|
8f8bc0dcf3bc253ae49159d52db049767f476ced "Move string hash function into String
class" had introduced a new getHash64 that, besides returning sal_uInt64 instead
of just sal_Int32, didn't do sampling of only a handful of characters, but
always computed the hash over all characters (as the usage in SfxItemSet and
SdPage appears to require for either performance or approximated correctness).
However, it would be advantageous to keep the stable URE interface as small as
possible. Now, O(1) sampling was apparently considered state of the art when
the rtl string classes were first created, closely copying java.lang.String,
which at that time demanded sampling for hashCode(), too---but never sampling
more than 15 characters, with the obvious (in hindsight, at least) performance
catastrophes, so they changed it to O(n) somewhere along the way.
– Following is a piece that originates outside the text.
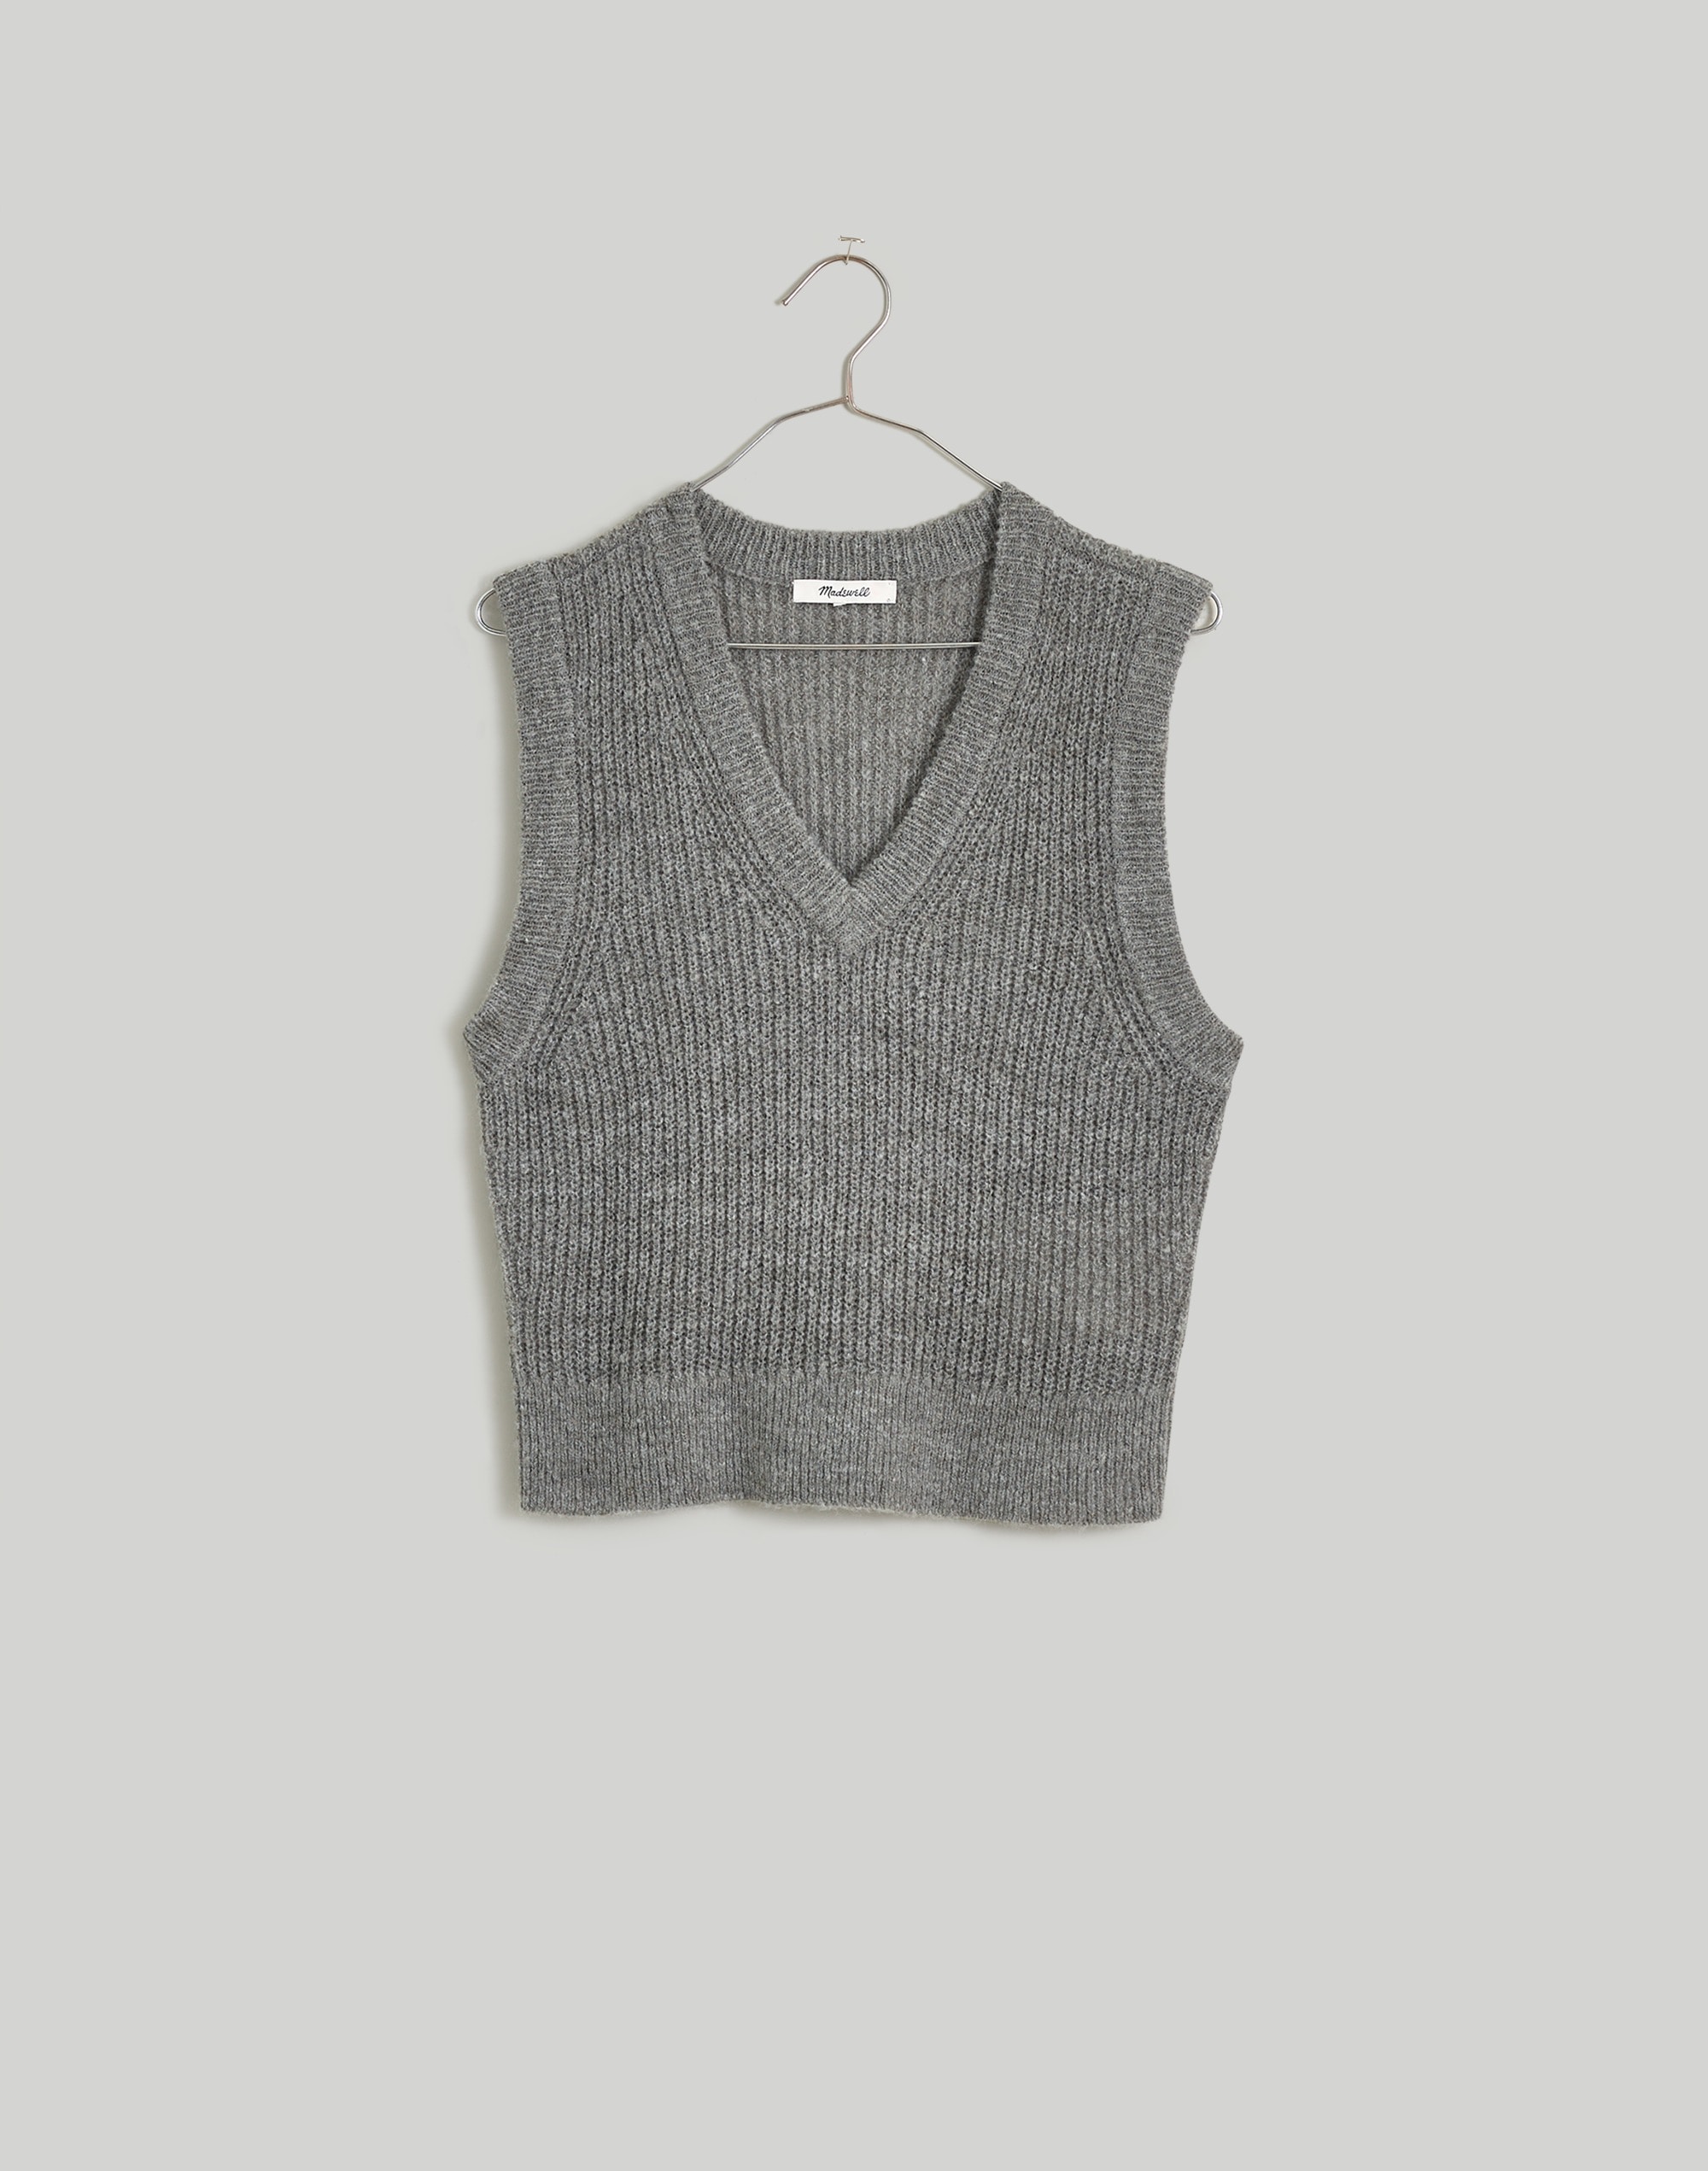 The Fineloft Shrunken Sweater Vest

Based on that, this commit changes the existing hash functions to not do
sampling any more, and removes the newly introduced -64 variants again. (Where
the extended value range of sal_uInt64 compared to sal_Int32 was hopefully not
vital to the existing uses.)
The old implementation used sampling only for strings of length >= 256, so I did
a "make check" build with an instrumented hash function that flagged all uses
with inputs of length >= 256, and grepped workdir/{Cppunit,Junit,Python}Test for
hits. Of the 2849 hits encountered, 2845 where in the range from 256 to 295
characters, and only the remaining four where of 2472 characters. Those four
were from CppunitTest_sc_subsequent_filters_test, importing long text into a
cell, causing ScDocumentImport::setStringCell to call
svl::SharedStringPool::intern, which internally uses an unordered_set. These
results appear to justify the change.
Change-Id: I78fcc3b0f07389bdf36a21701b95a1ff0a0d970f
|